Live Cattle futures edged higher with the firm fundamental outlook—at least static demand levels and weather-dampened beef production—for the near term. Feeder Cattle softened, likely due most to positioning after the previous session’s strong gain.
Live Cattle futures closed an average of 30¢ higher (5¢ higher to 97¢ higher in spot Feb).
Other than an average of 12¢ higher in Sep and Oct, Feeder Cattle futures closed an average of 32¢ lower.
Corn futures closed fractionally higher to 1¢ higher.
Soybean futures closed 1¢ to 2¢ higher.
Wholesale beef values were weak on light to moderate demand and offerings, according to the Agricultural Marketing Service.
Choice boxed beef cutout value was 63¢ lower Tuesday afternoon at $217.02/cwt. Select was 31¢ lower at $213.10.
Major U.S. financial indices closed higher again Tuesday, buoyed by positive quarterly earnings reports.

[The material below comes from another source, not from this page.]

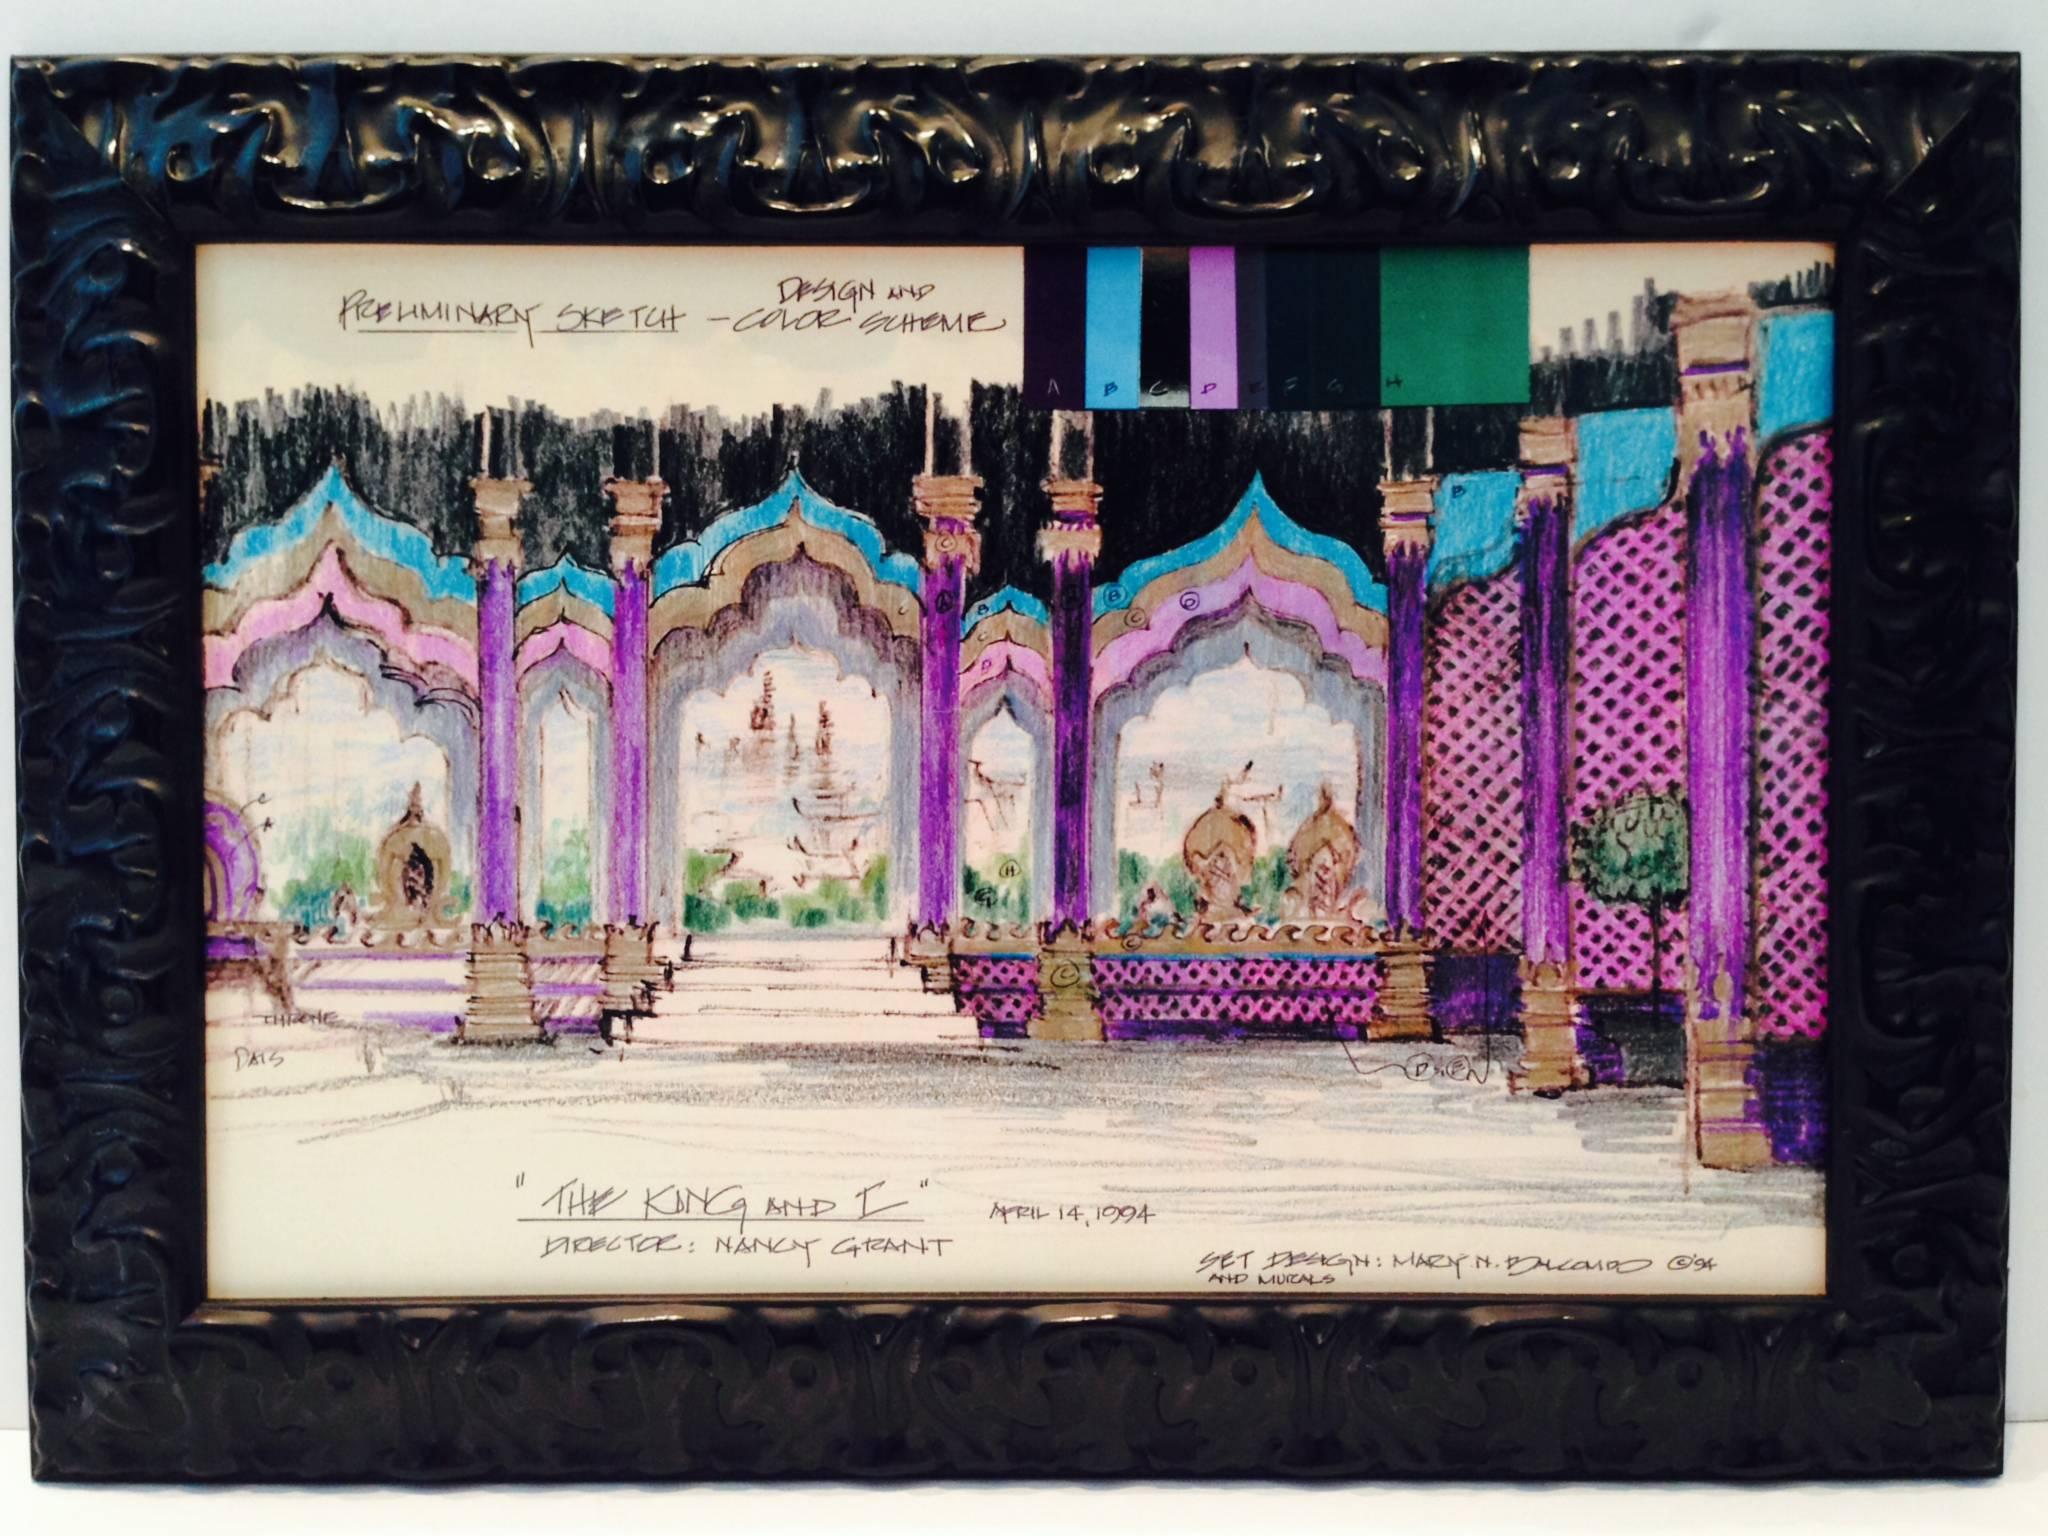 1994 hand drawn in pencil on paper sketch set design and color scheme for ‘The King And I’ by, Mary N. Balcomb. Signed lower right. Framed under archival glass in a black lacquer wood frame.
Image size, 16.5

Also, there may have been some betting on the President’s State of The Union address scheduled for Tuesday night.
The Dow Jones Industrial Average closed 172 points higher. The S&P 500 closed 12 points higher. The NASDAQ was up 54 points.
Agricultural producers were more optimistic about the agricultural economy in January, but they remain concerned about farmland values, according to results from the January Purdue University/CME Group Ag Economy Barometer.
The barometer rebounded 16 points from December, to 143 in January. It’s based on 400 survey responses from agricultural producers across the country.
“This survey provided us with the first opportunity to measure farmers’ sentiment following the announcement of USDA’s second round of Market Facilitation Program (MFP) payments and the passage of the 2018 Farm Bill,” says James Mintert, the barometer’s principal investigator and director of Purdue University’s Center for Commercial Agriculture. “It appears that these two announcements provided a significant boost to producer sentiment regarding both current and future economic conditions.”
In January, both of the barometer’s two sub-indices increased month to month. The Index of Current Conditions rose 3 points to 132. The Index of Future Expectations increased 13 points to 148. Pessimism about farmland values increased, though. According to the January survey, the percentage expecting higher farmland values over the next 12 months declined 4 points to 13%. Those expecting higher values in the next five years declined 2 points to 48%.